DSThe media experts gushed that nothing like the tech boom had ever happened before and there was no reason to think it would ever end. They forgot about the tulip mania in 17th century Holland. Training can create an awareness of the destructive aspects of “group thinking” can be a valuable asset for saving organizations from making huge mistakes.

The anthrax scare in 2001 proved again that group thinking had overwhelmed common sense as widespread fear of anthrax swept the nation. Although one death from anything is too many, a month into the anthrax epidemic, only four people had died and another 14 cases were diagnosed.

Fueled by breathless 24-hour news coverage, everyone seemed at risk. What epidemic? A total of 3,300 Americans died of polio in 1952, since 1981 nearly 440,000 have died from AIDS and the flu epidemic of 1918 and 1919 killed 550,000, about one in every 21 people then alive in the country.
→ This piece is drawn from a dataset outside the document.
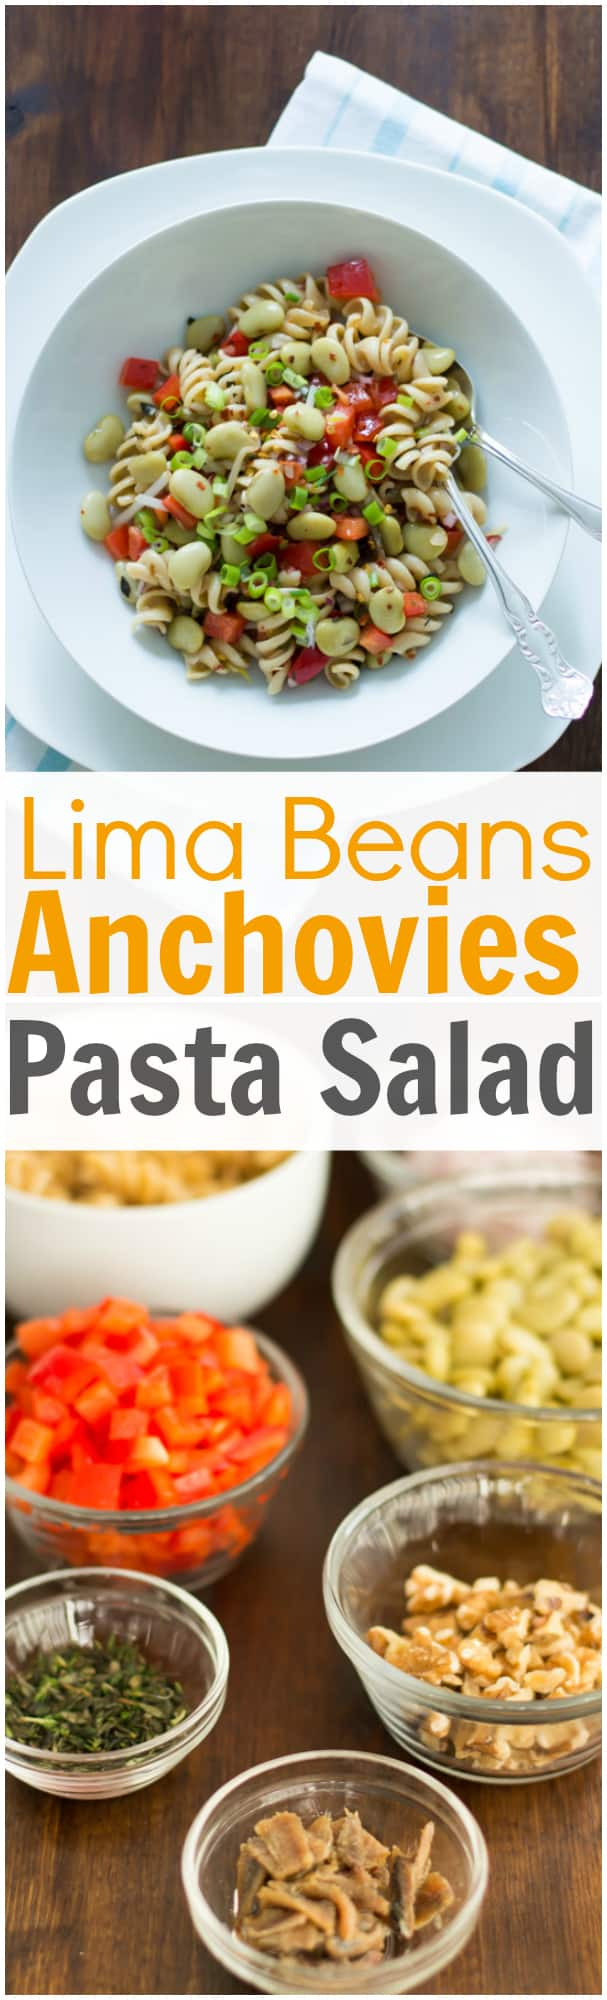 Lima Beans Anchovies pasta Salad

With proper training we would have looked at the situation rationally and could have seen that anthrax was not an epidemic of disease, but of fear. In business, epidemics can cut both ways. The same mass contagion that generates fear can propel products with little intrinsic value to great success. Remember the Hula Hoop, Cabbage Patch Dolls and Beanie Babies?

Current training must point out that the mass media of today and the Internet can intensify the creation of delusions and mass crowd behavior, but they didn’t invent them. A century before the personal computer, Millerites around America were selling their worldly possessions and gathering on hilltops to await an apocalypse.

In 1962, a worker at a North Carolina textile mill reported being bitten by a poisonous insect. Within a week, 62 fellow workers also claimed to have been bitten, and had the rash and nausea to prove it. It was soon revealed that the bug had never existed.

Word of mouth had taken the suggestion and turned it into a truth strong enough to create its own reality. Trained people understand that when it comes to crowd behavior, it doesn’t matter whether the idea is right or wrong. All that matters is that everyone else seems to believe it.

Few areas better illustrate crowd behavior than stock markets. People strongly influenced by the actions of others are the driving forces behind market booms and busts.

At the upper end of a market run, people get carried away in a mindset that Federal Reserve Chairman Alan Greenspan once called “irrational exuberance.”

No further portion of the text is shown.